To investigate the role of denitrification at the HBEF, we measured NO3− isotopic composition throughout watershed 3 (WS3), a hydrologic reference catchment drained by Paradise Brook within the HBEF (Fig. 1), during the first two weeks of July 2011, close to the warmest part of the year (Fig. S1). Sampling encompassed nine shallow groundwater wells, a seep, and 19 stream sites along Paradise Brook and its tributaries. The shallow groundwater wells accessed water from saturated soil within the solum above the C horizon at depths between 30 and 115 cm. Three of the nine wells were close to (<2 m) or within the perennial stream channel; the other six were more distal (≥4 m) and upgradient from the perennial channel. Four rain events occurred during the sampling period (0.8–12.3 mm, 26.8 mm total); all contained NO3− and NH4+ concentrations that exceeded those in streamwater and groundwater by an order of magnitude (Table 1 and Fig. 2 A and B). Nitrogen export over the study period amounted to 0.006 ± 0.003 kg N ha−1, consisting of 24% NO3−, 13% NH4+, and 63% dissolved organic nitrogen (DON). Streamflow over the sampling period (5.3 mm) exported less than 2% of rainfall N input (0.335 ± 0.087 kg N ha−1). The remaining 98% was retained within the catchment or lost via denitrification. If this 98% were denitrified in soil or shallow groundwater, it gives a maximum denitrification rate of 5.0 (3.6–6.4) kg N ha−1 if extrapolated over the growing season. Although this figure represents the maximum loss of N to denitrification, recent extrapolations of N2 and N2O flux measurements from soil cores from the HBEF found denitrification rates during the growing season higher than previous estimates and equal to or higher than atmospheric deposition while follow-up measurements found rates ranging from 4–10 kg N ha−1⋅y−1 at HBEF (25).
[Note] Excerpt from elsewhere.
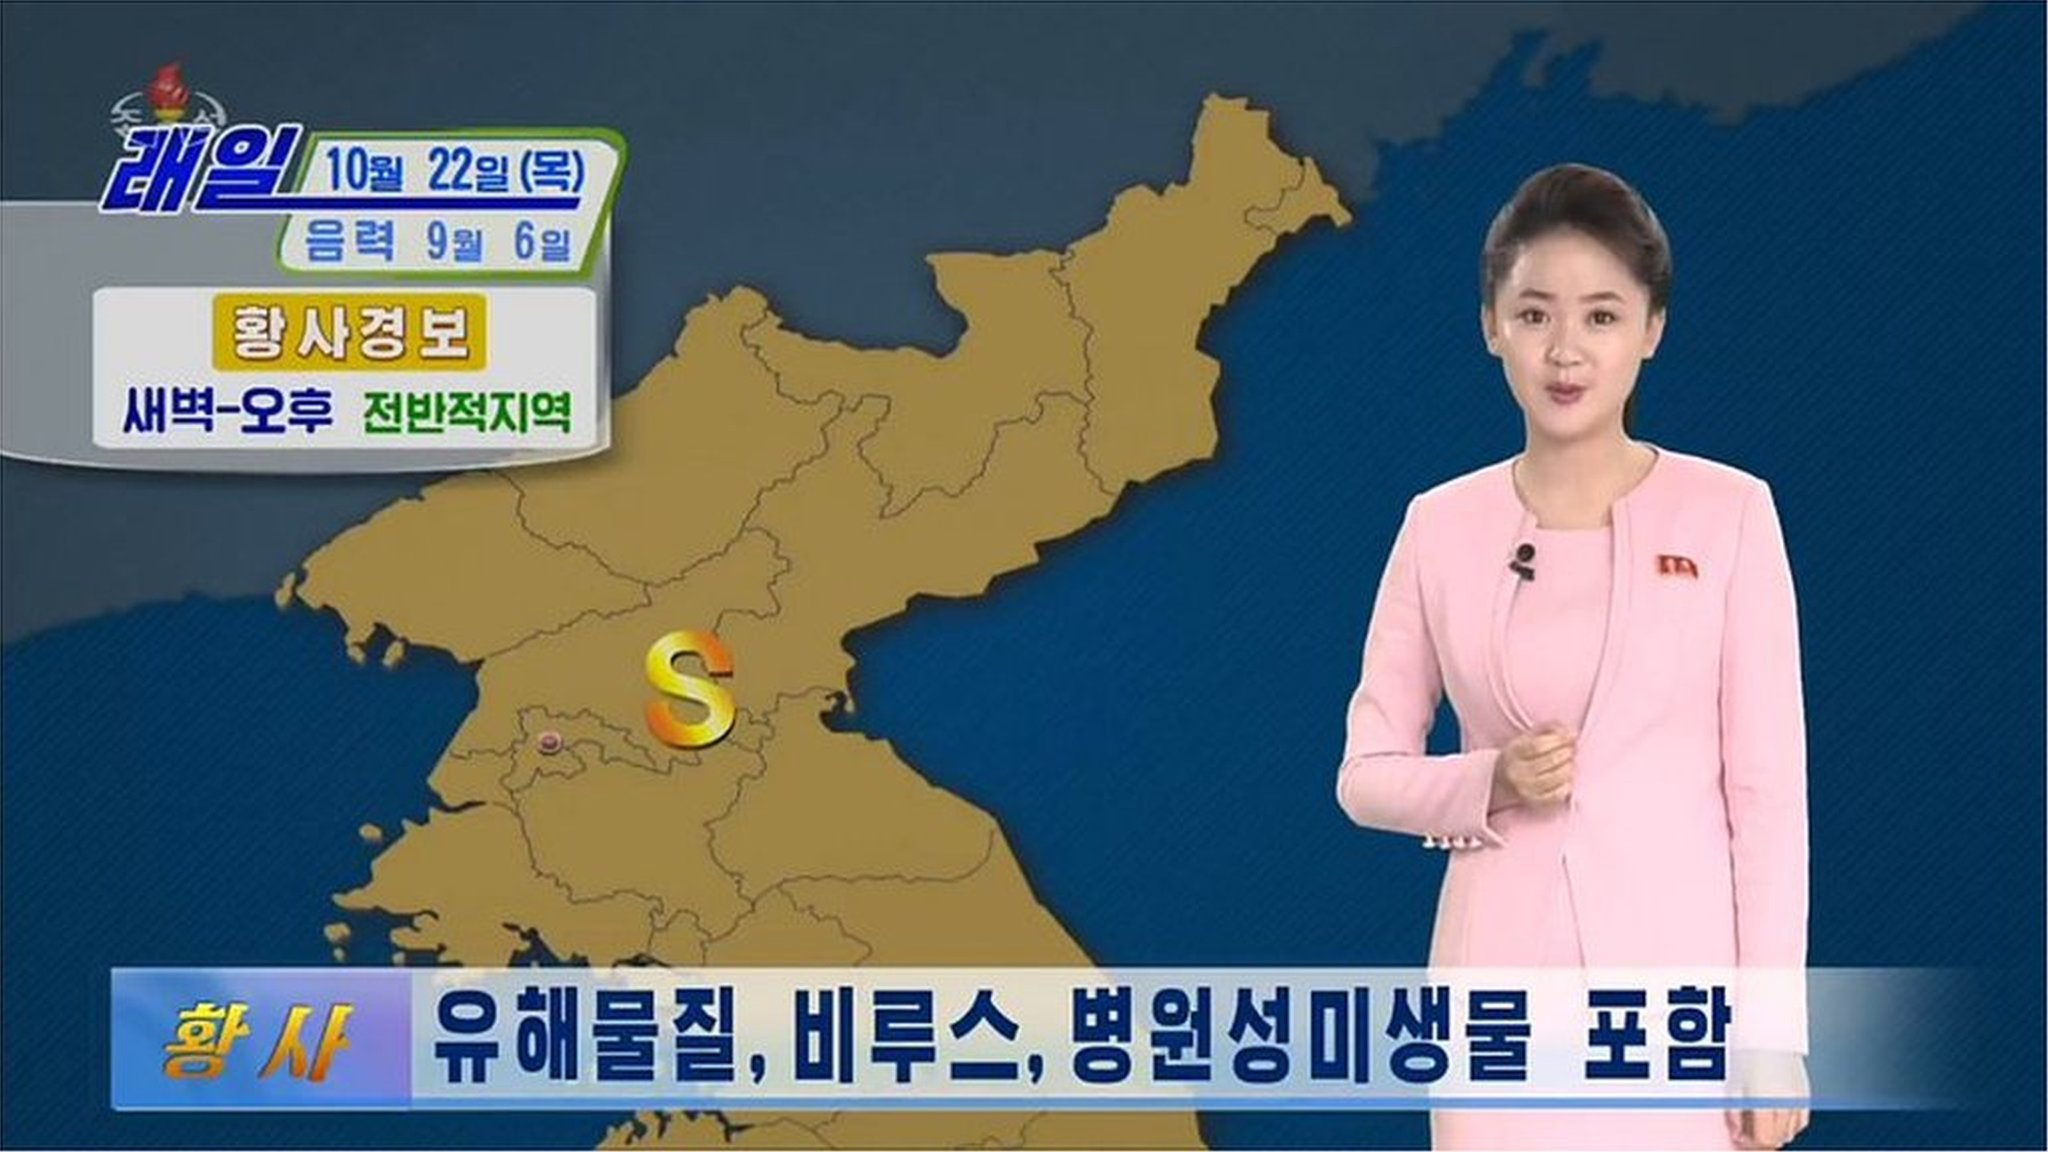 制裁 世界 反応 韓国 の

Location of HBEF in the northeast United States (Top Right), showing HBEF watersheds 1–9 (Bottom Right) and watershed 3 (WS3; Left). WS3 shows drainage network comprising Paradise Brook and tributary channels, with sampling locations from the weir (triangle), streams (filled circles), wells (empty circles; including wells ≥4 m from surface streamflow in July 2011 (JD05, JD17, JD18, JD19, JD29, JD30) and those <2 m (R12, east bank; R13 in-stream; R14, west bank) and a seep (dash). Contour interval is 3 m; elevation range is 537–732 m.
Concentrations of NO3−, NH4+, DON, and DOC (μM), and δ15NNO3 and δ18ONO3 of water samples from watershed 3, Hubbard Brook Experimental Forest, New Hampshire July 2011
Temporal pattern of nitrate concentration (A and B), δ15NNO3 (C and D), and δ18ONO3 (E and F) for rainfall and streams (A, C, and E) and for wells (≥4 m from surface flow) and the seep (B, D, and F). Symbols are denoted in A and B for each site type. The asterisk in E denotes an estimated rainfall δ18ONO3 value, as the average of adjacent dates. Isotopic values are expressed per mil (‰) relative to established standards, Vienna Standard Mean Ocean Water (VSMOW) for δ18O and air for δ15N.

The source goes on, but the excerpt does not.